A campaign statement said Trump would “use the powers of the presidency to remove and discipline the federal employees and managers who have violated the public’s trust and failed to carry out the duties on behalf of our veterans”; “ask that Congress pass legislation that empowers the Secretary of the VA to discipline or terminate any employee who has jeopardized the health, safety or well-being of a veteran”; “create a commission to investigate all the fraud, coverups, and wrong-doing that has taken place in the VA, and present these findings to Congress to spur legislative reform”; and “protect and promote honest employees at the VA who highlight wrongdoing, and guarantee their jobs will be protected.”
While that statement addressed only VA, such moves also could set a precedent for similar policies elsewhere.
Other ideas whose chances of enactment probably would improve include extending from one year to two the probation period in which newly hired employees have few job rights, and limiting the practice of putting employees under investigation for disciplinary action on paid leave, which sometimes extends many months or even years.
Trump wants to repeal the Affordable Care Act (Obamacare). What would that mean for federal employees’ health benefits?
Maybe not much. The Federal Employees Health Benefits Program has been in existence for many decades and operates under a separate set of laws. That program already had included some features made national policy as part of the ACA, such as a ban on denying coverage because of a preexisting condition.
One change in that law that did directly impact the FEHBP was to allow coverage of children to continue until they reach age 26; the previous cutoff was 22. That is one provision of the ACA that might be salvaged even in a general repeal.
Another provision of direct impact required members of Congress and certain staff members to leave the FEHBP program. One result has been years of wrangling over how the administration interpreted that provision by allowing them to keep the employer contribution toward health care under certain circumstances. Whether they would simply be returned to the FEHBP is an open question.

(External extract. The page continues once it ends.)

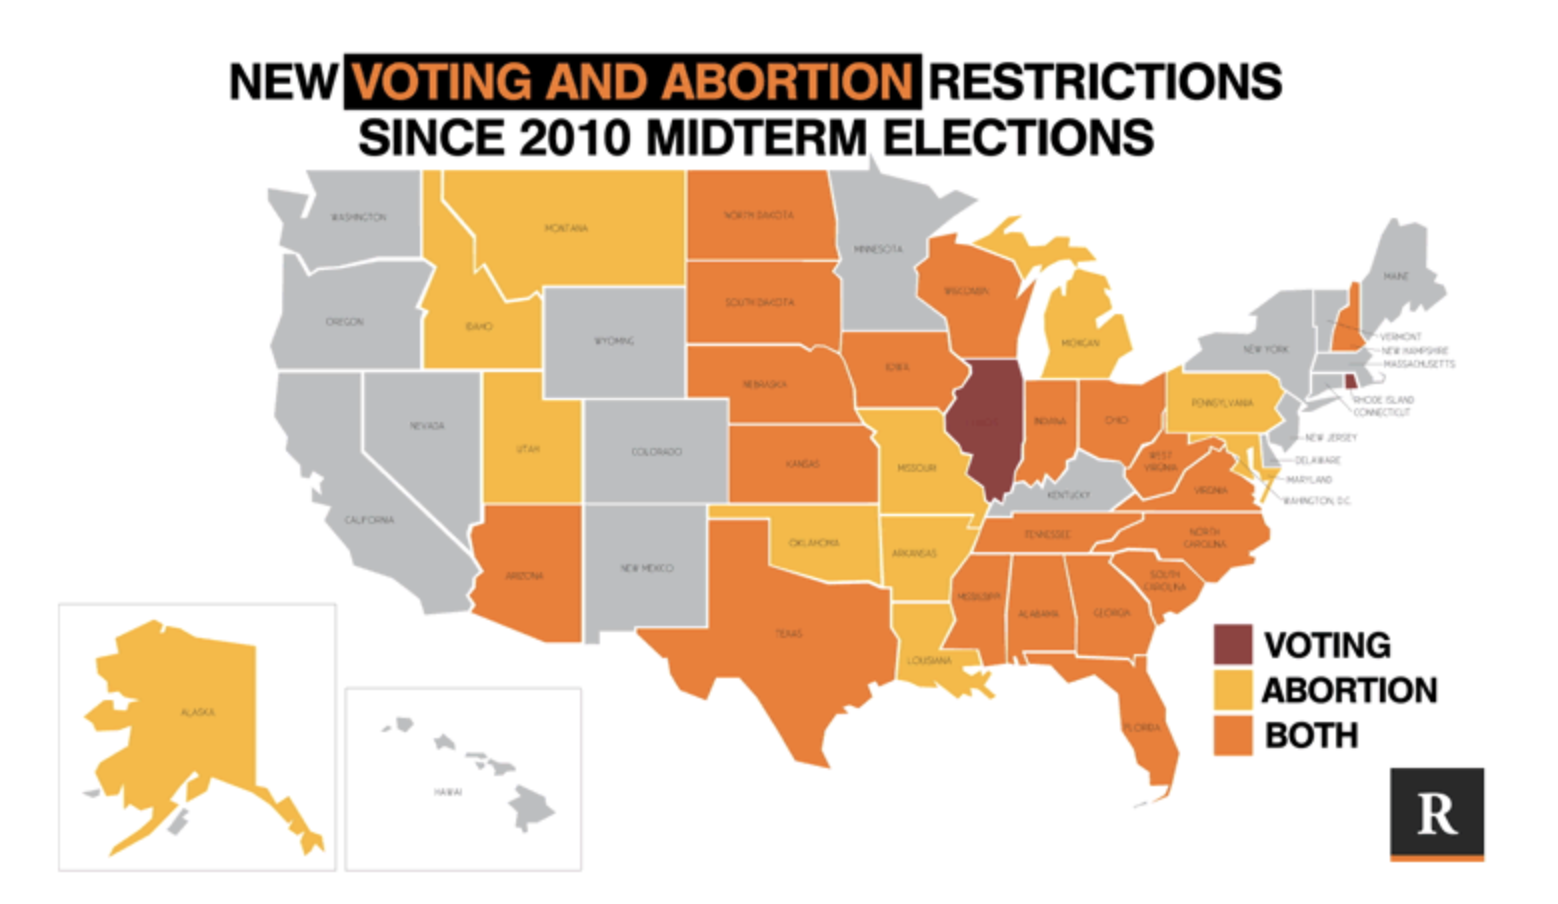 Abortion and voting restrictions

Will retirement and other benefits be on the chopping block?
This requires speculation. While the campaign statements did not directly address those benefits, those same Republican budget plans whose chances for enactment have now improved have targeted benefits in various ways.
Several of those plans have advocated increasing the required employee contribution toward retirement. Some have specified that the employer and employee shares should be made equal, which for most employees would require they pay in about 6 percent more of their salary; several smaller increases have been enacted in recent years affecting only employees hired after their effective dates.
Other recommendations have included eliminating a retirement supplement paid to many who retire relatively early and reducing the interest the government pays in the most popular investment fund in the Thrift Savings Plan, the 401(k)-style program for federal workers.
Another common theme has been to make the government contribution toward the FEHBP less generous. Currently, the government pays about 70 percent of the total premium as the employer. Several plans have recommended that it pay a fixed dollar amount instead and increase that amount by less than the overall cost growth in the program. That could spur many enrollees to shift to lower-cost plans, while those who don’t could end up paying a greater share toward their health insurance.